Assignment: Leaving out every picture, copy the lines of the material below exactly, from the line containing "1076214 AEGEAN ORGANIC" through the line containing "Elephant encounter".

Exercise inputs:
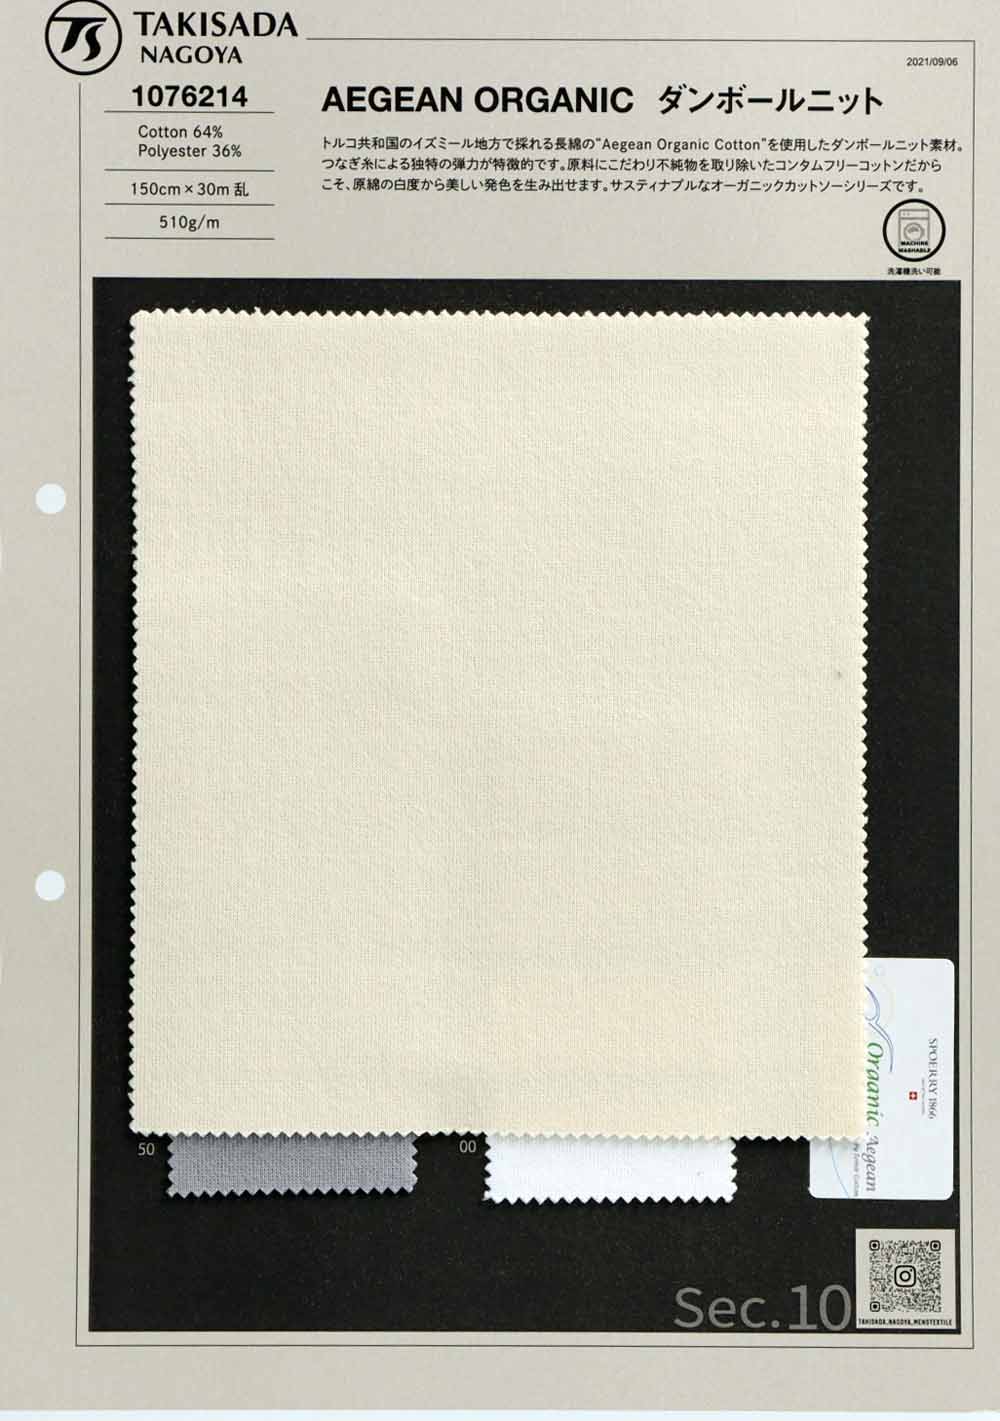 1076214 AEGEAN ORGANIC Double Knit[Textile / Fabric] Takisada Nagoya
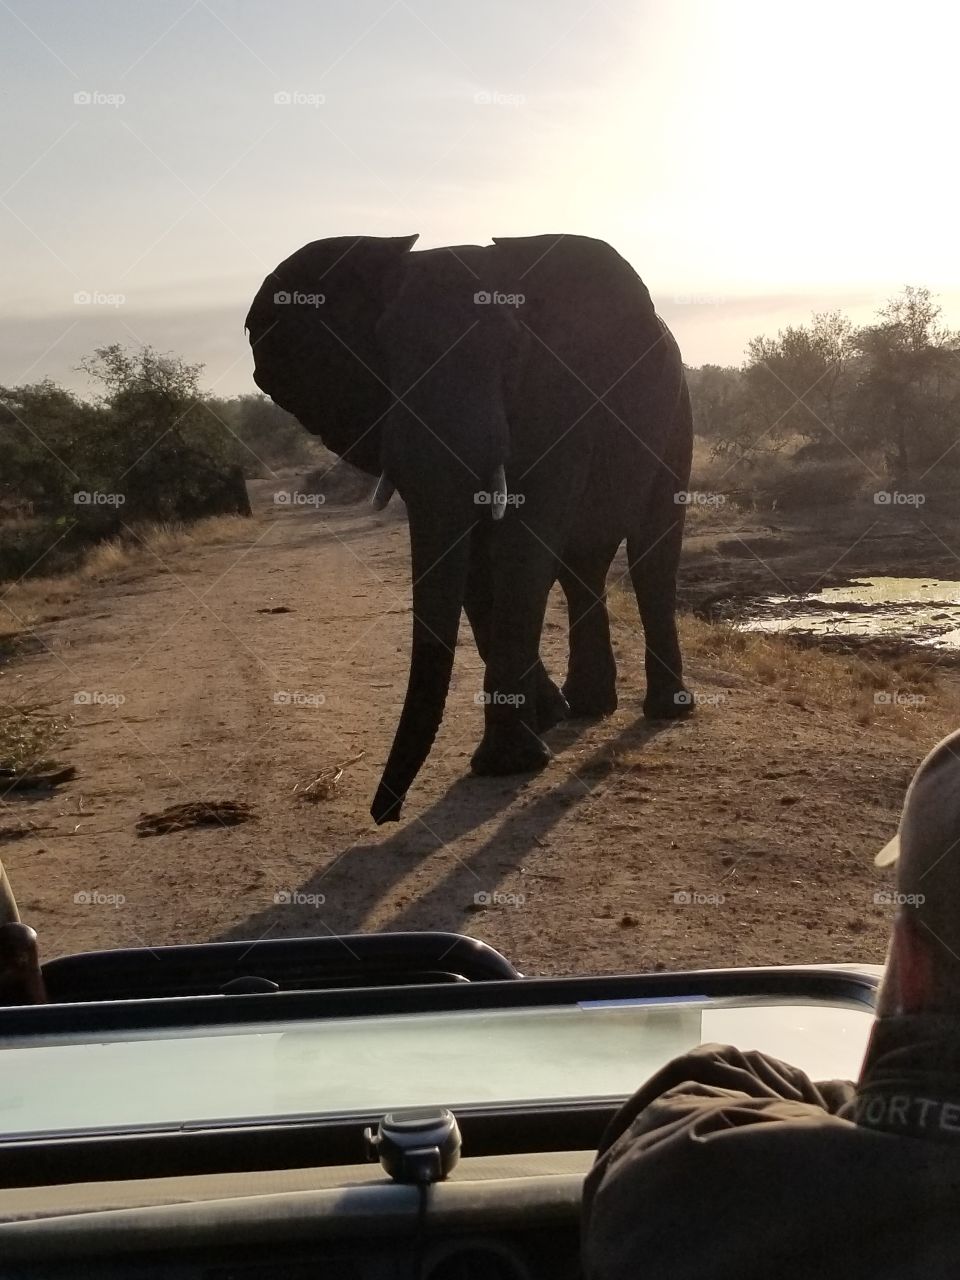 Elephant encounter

* * *

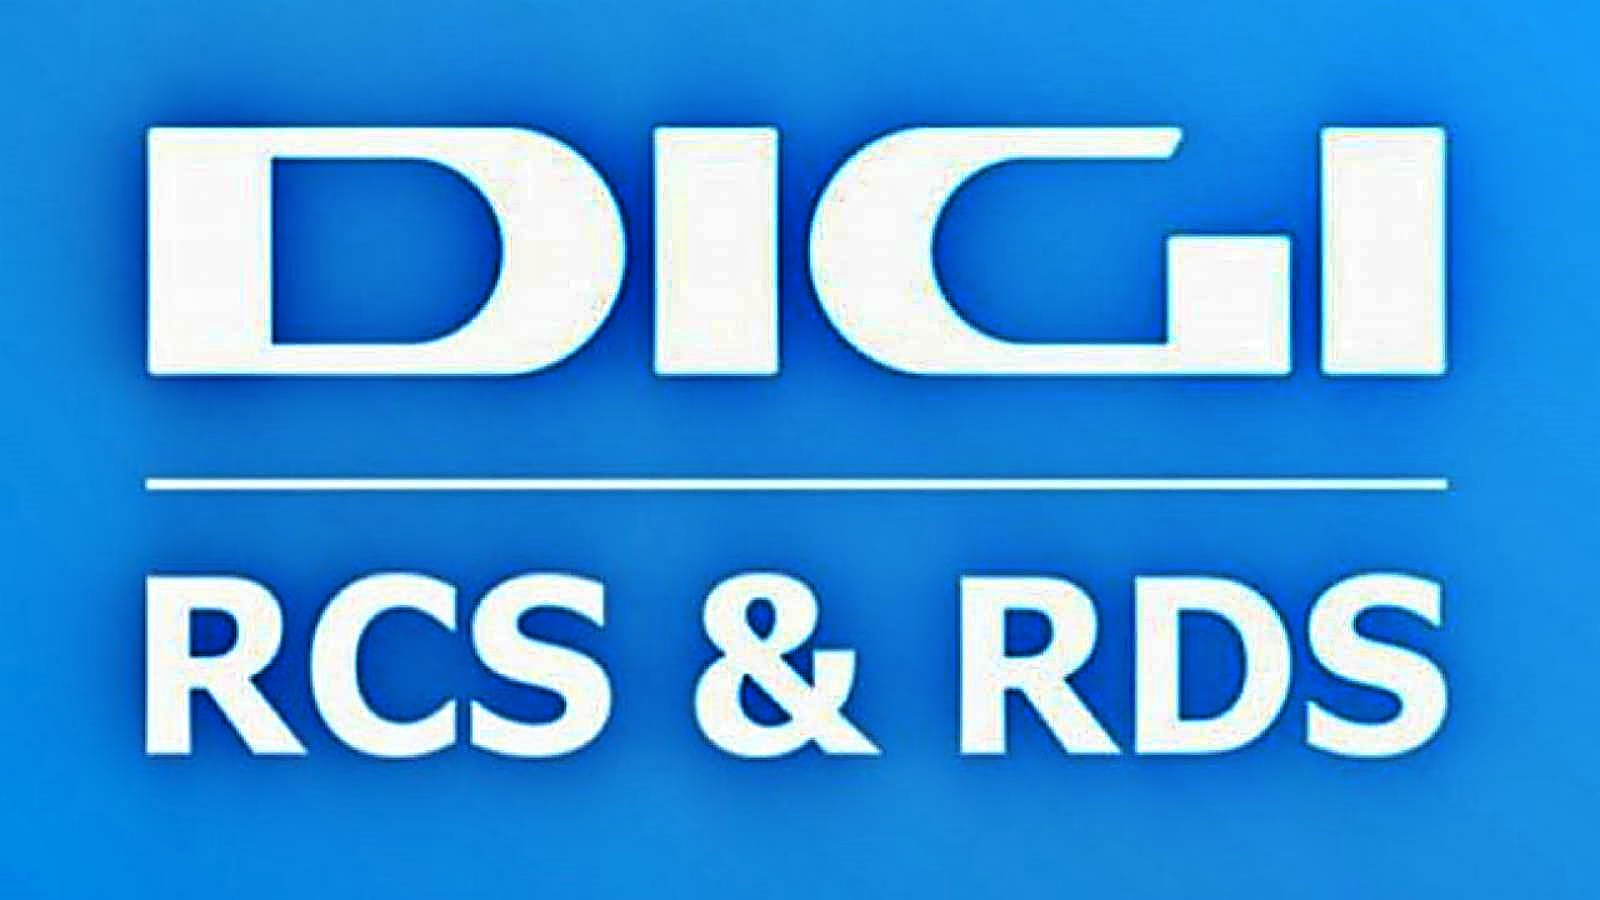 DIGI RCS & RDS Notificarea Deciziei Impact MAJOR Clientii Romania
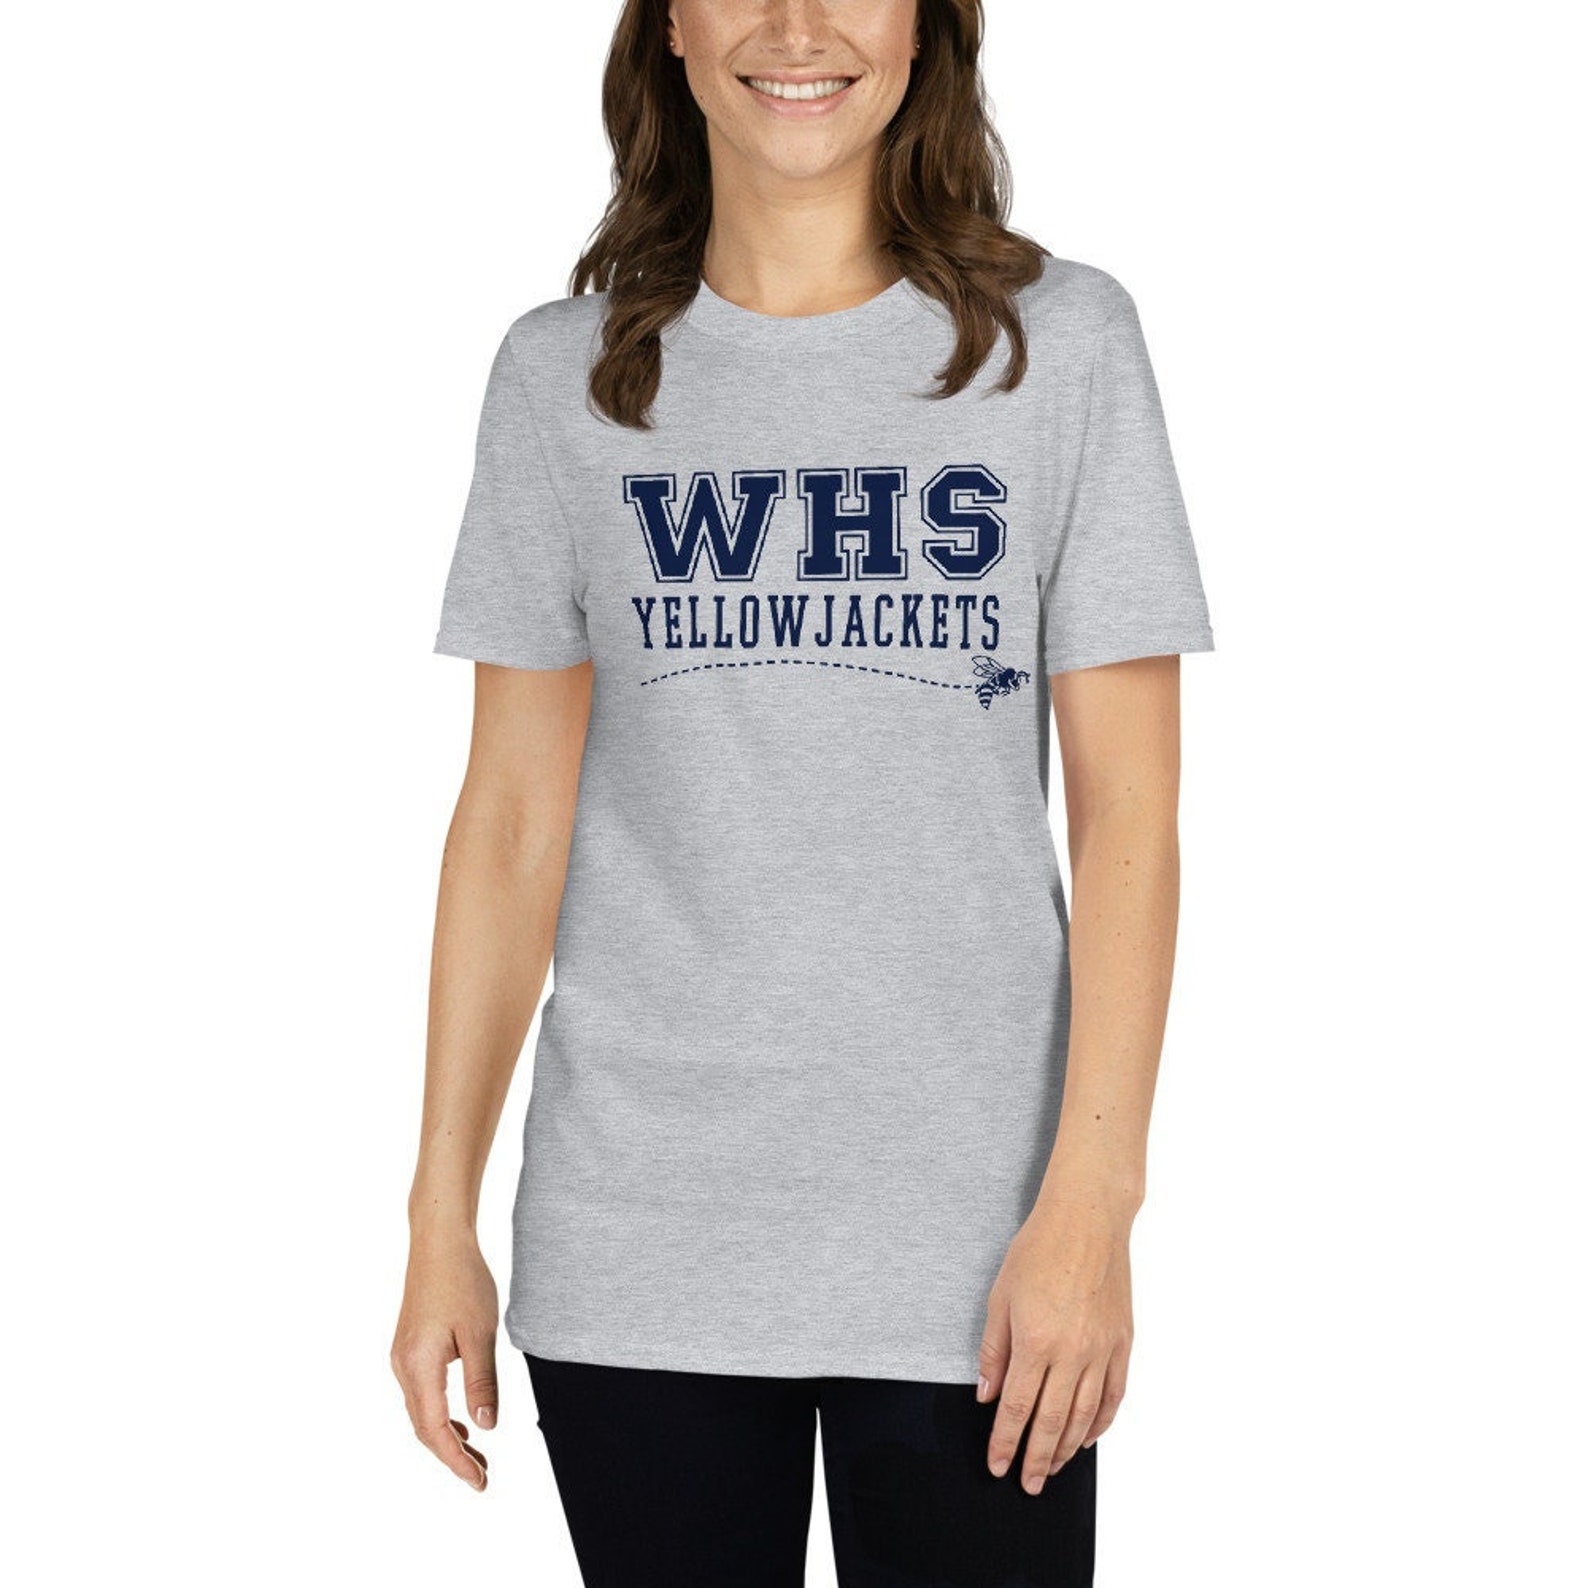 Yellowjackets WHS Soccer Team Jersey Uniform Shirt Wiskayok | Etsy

Completed task:
 1076214 AEGEAN ORGANIC Double Knit[Textile / Fabric] Takisada Nagoya
 Elephant encounter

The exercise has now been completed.